[STF] Add C bindings for stackable contexts by caugonnet · Pull Request #9233 · NVIDIA/cccl

caugonnet · 2026-06-03T09:21:42Z

Description

Extracted from #5315 (STF Python bindings) to keep that PR reviewable. This PR contains only the stackable-context additions to the experimental STF C API.

Adds C bindings for the stackable-context layer:

stackable context create/finalize/fence and push_graph/pop, plus launchable graphs (launch/exec/stream/graph) and a shared-ownership flavor for replayable / embeddable graphs.
while- and repeat-loop scopes built on CUDA conditional graph nodes, with a built-in scalar comparison condition helper (CUDA 12.4+).
stackable logical data and tokens, and stackable host_launch deps.

Tests

test_stackable.cu, test_stackable_token_push.cu, and stackable coverage added to test_host_launch.cu.

Checklist

New or existing tests cover these changes.
The documentation is up to date with these changes (Doxygen comments in the header).

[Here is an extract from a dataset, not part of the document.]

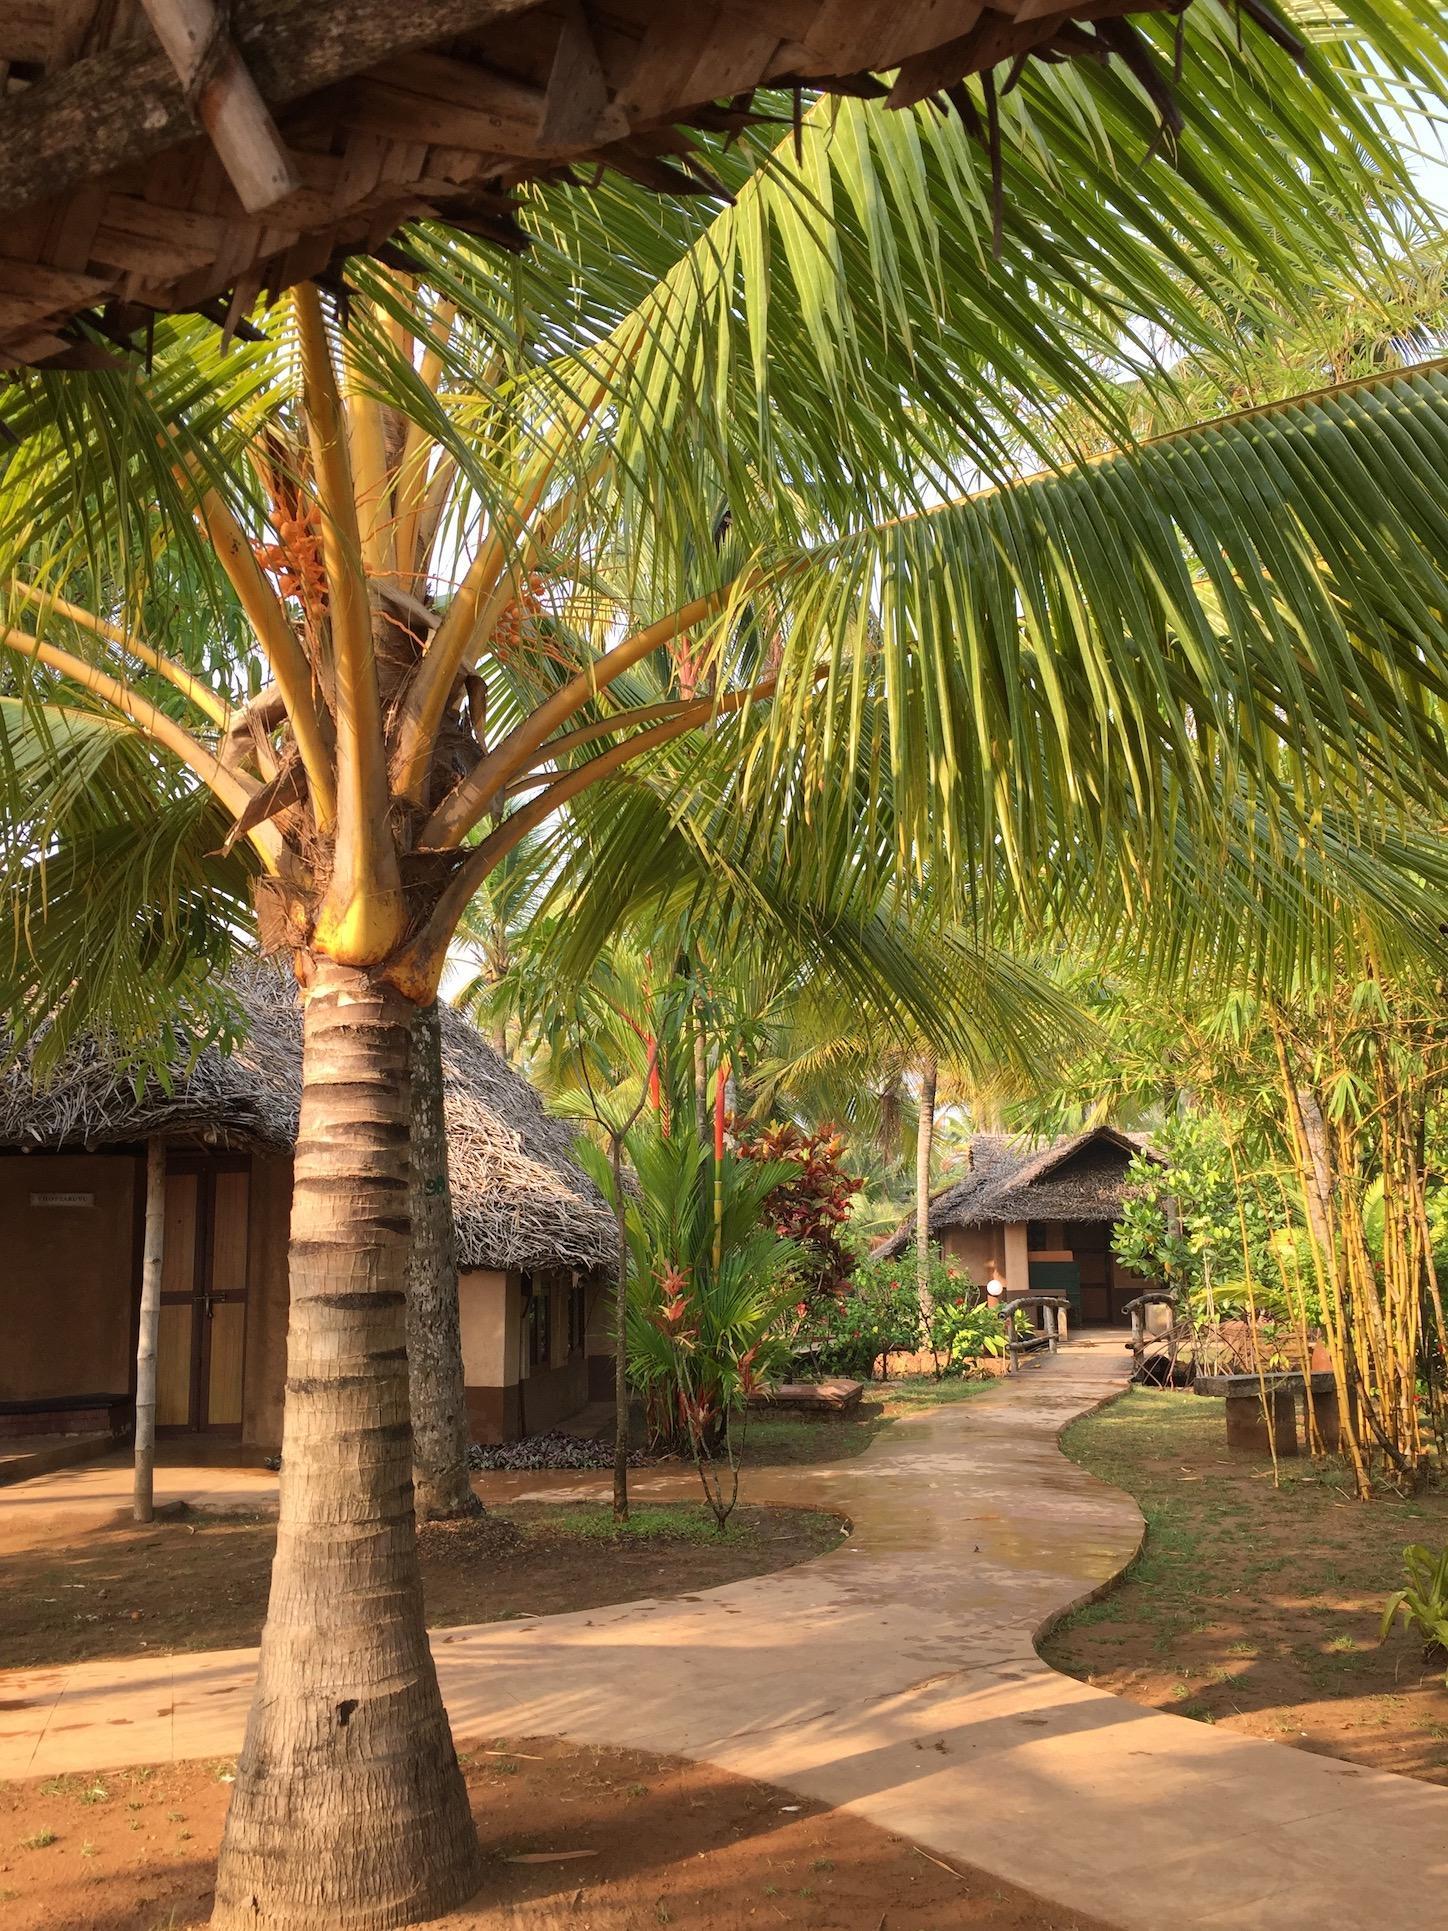 cherai, beach, accommodation, villa, palm, retreat, yoga, holidaykerala

Extends the experimental STF C API with the stackable-context layer: - stackable context create/finalize/fence and push_graph/pop, plus launchable graphs (launch/exec/stream/graph) and a shared-ownership flavor for replayable / embeddable graphs. - while- and repeat-loop scopes built on CUDA conditional graph nodes, with a built-in scalar comparison condition helper (CUDA 12.4+). - stackable logical data and tokens, and stackable host_launch deps. Adds test_stackable.cu, test_stackable_token_push.cu, and stackable coverage in test_host_launch.cu. Extracted from the python-bindings PR to keep that change reviewable.

copy-pr-bot · 2026-06-03T09:21:46Z

This pull request requires additional validation before any workflows can run on NVIDIA's runners.

Pull request vetters can view their responsibilities here.

Contributors can view more details about this message here.

caugonnet · 2026-06-03T09:26:29Z

/ok to test 26e1bf9

coderabbitai · 2026-06-03T09:27:47Z

Note

Reviews paused

It looks like this branch is under active development. To avoid overwhelming you with review comments due to an influx of new commits, CodeRabbit has automatically paused this review. You can configure this behavior by changing the reviews.auto_review.auto_pause_after_reviewed_commits setting.

Use the following commands to manage reviews:

@coderabbitai resume to resume automatic reviews.
@coderabbitai review to trigger a single review.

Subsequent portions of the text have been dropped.